Howard’s issues, which his offspring are forced to inherit, stem from an early-career burst of recognition for his art, followed by decades of growing obscurity. Taunting him is the success of a man who was once an equal. Indeed, one fabulous set piece takes place at the private launch of this rival artist’s new collection at MOMA. A celebrity, cameoing as herself, politely acknowledges Howard’s existence, and he proceeds to repeat this comically minimal tidbit as an anecdote, wearing it as a badge of honour throughout the film.
Dustin Hoffman is the Atlas, whose acting muscles balance the film’s charming tone. Howard Meyerowitz is a crotchety problem-creator, but baked into Hoffman’s physical identity – his small size, his lopsided grin, and (in this film) his mighty beard – there is soul to his brittle brand of humanity.

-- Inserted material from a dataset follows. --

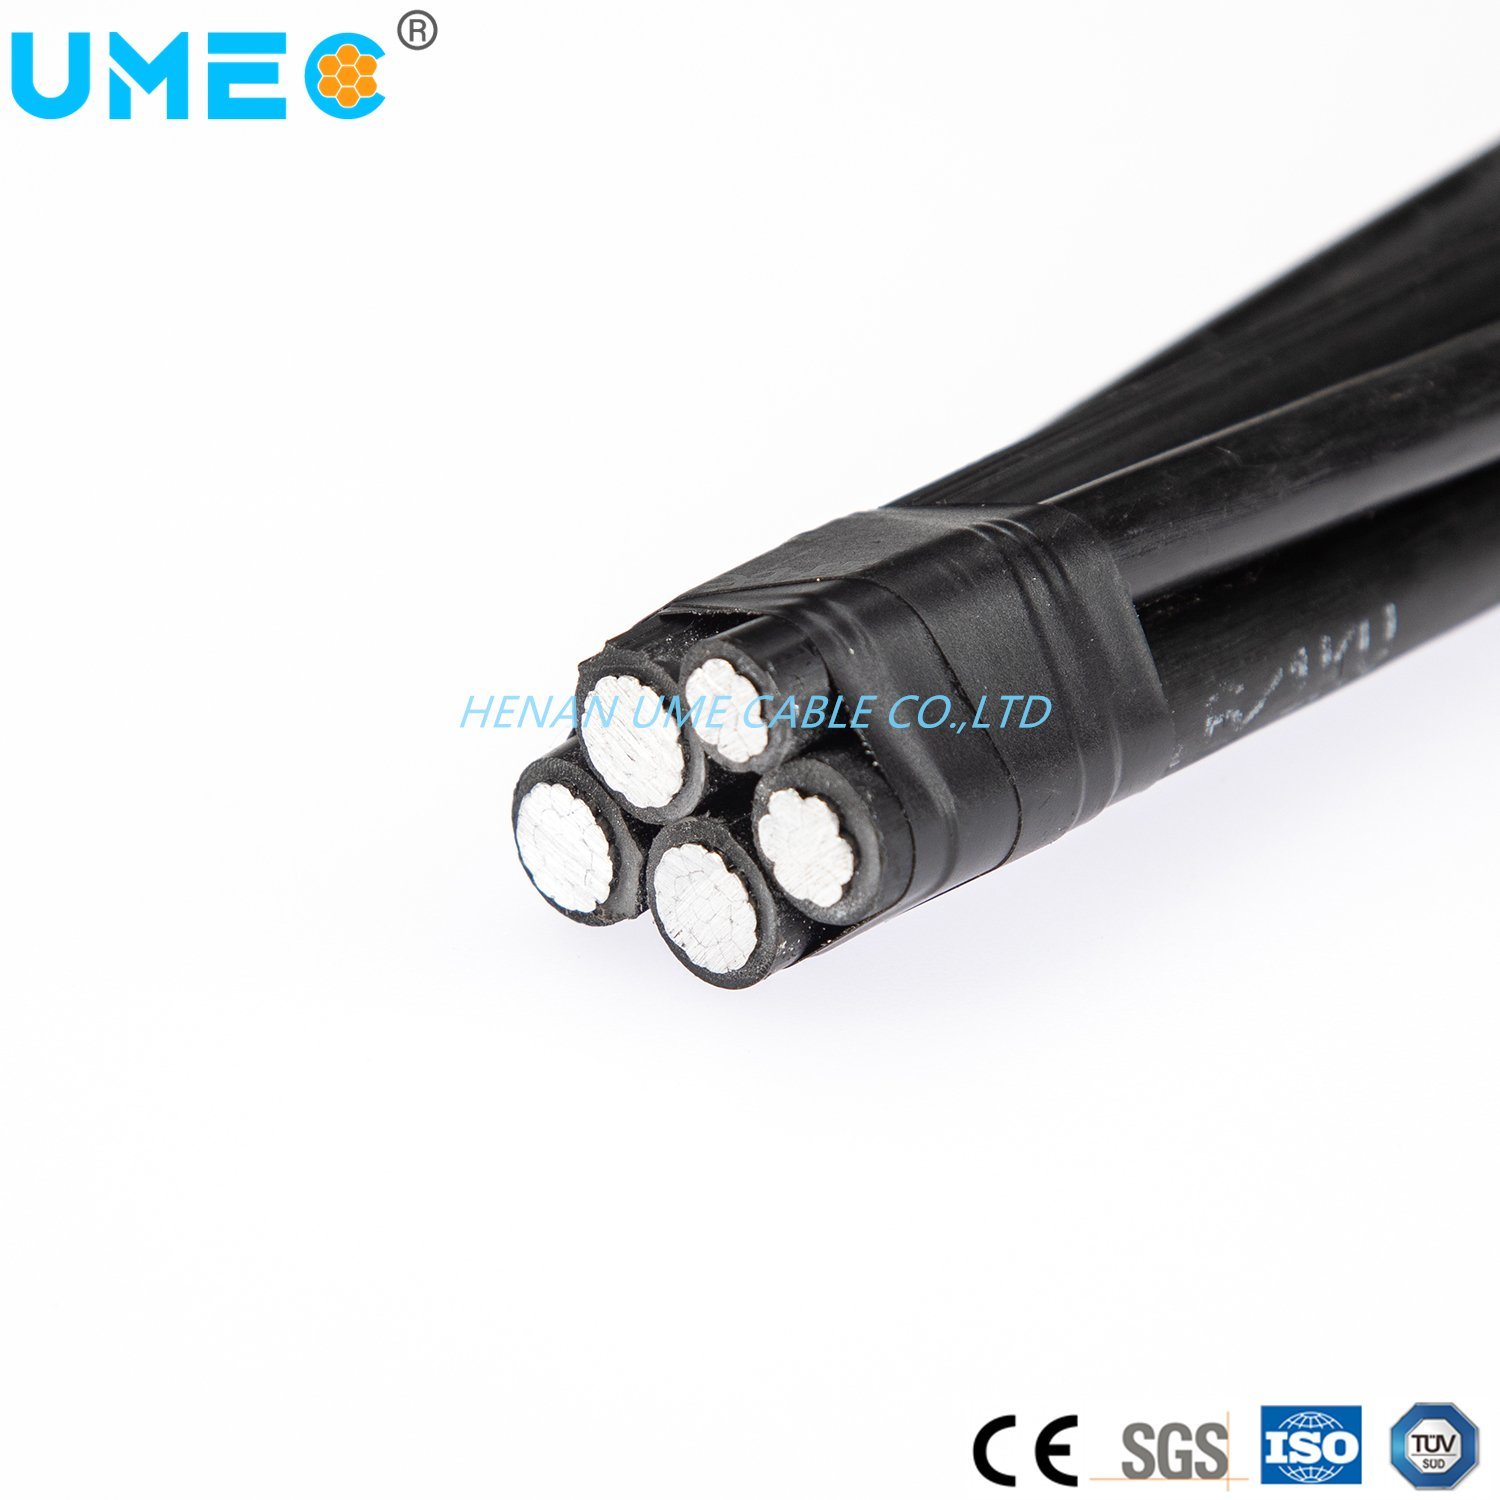 Low Voltage Overhead Aerial Bundled ABC Cable Manufactures 5 Core Caai Aluminum Conductor Cable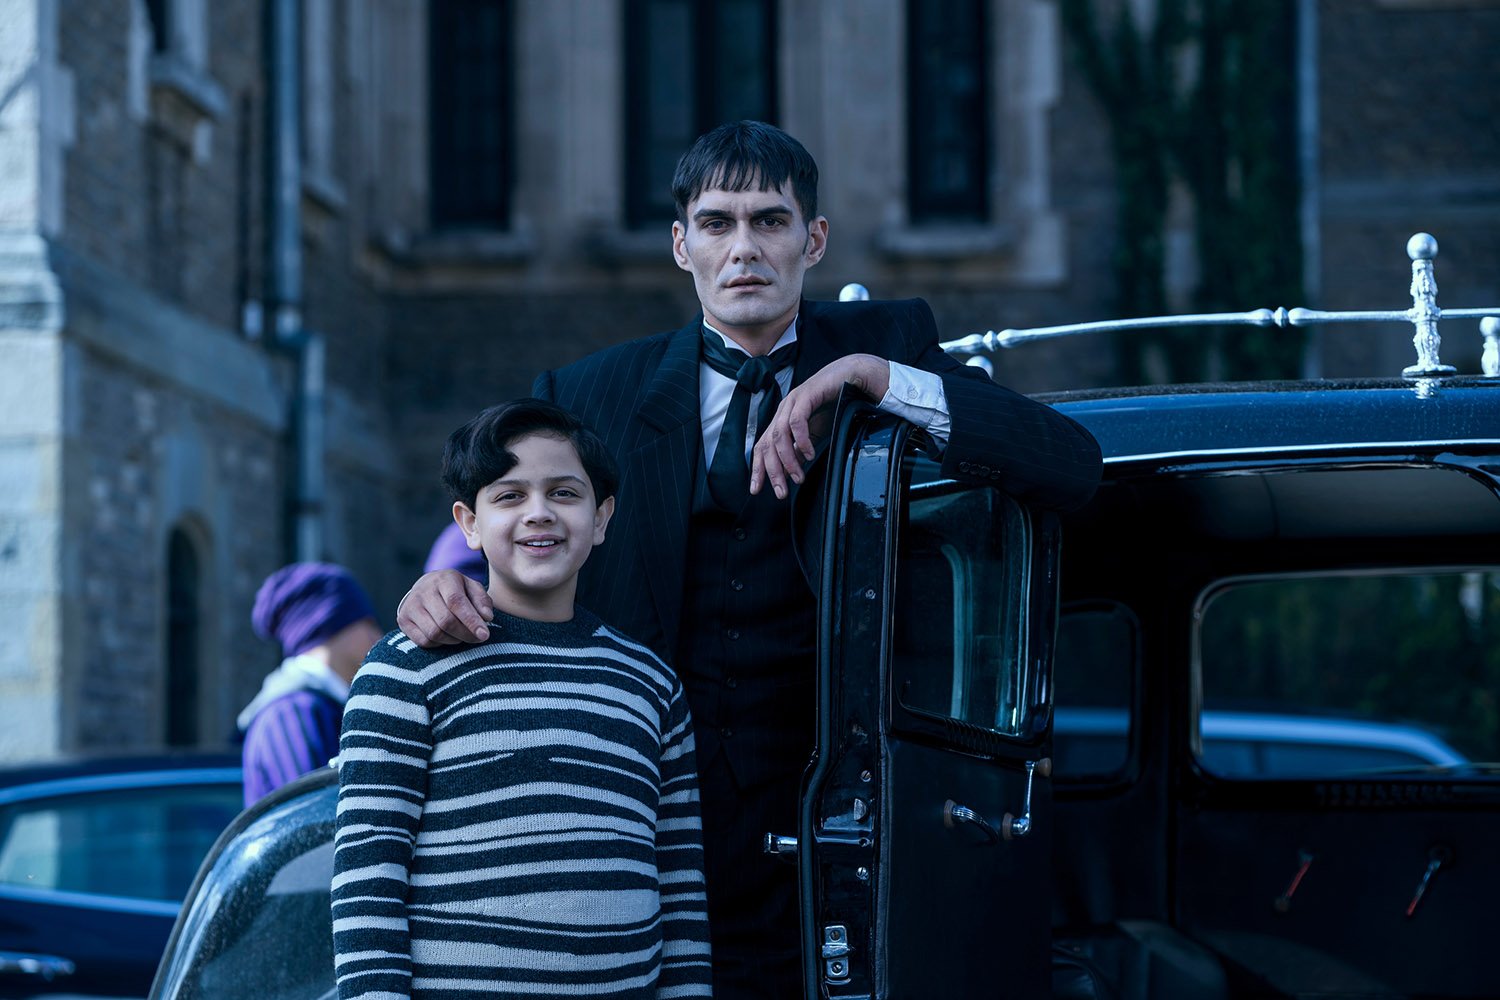 Wednesday: Issac Ordonez as Pugsley Addams standing beside George Burcea as Lurch as they wait at the family car

Ben Stiller is on top form, delivering a more earnest and contained performance than the tightly-wound neurotics he has played in previous Baumbach collaborations (Greenberg and While We’re Young).
Although this is a male-weighted movie, there are no dud characters, and a democracy of humour is the currency. The relentless pace of the dialogue is at times exhausting, and the tone never really varies, yet this is forgiven when, hours after viewing, you find yourself grinning into the ether, remembering standout hoots from a cornucopia of Meyerowitz tales.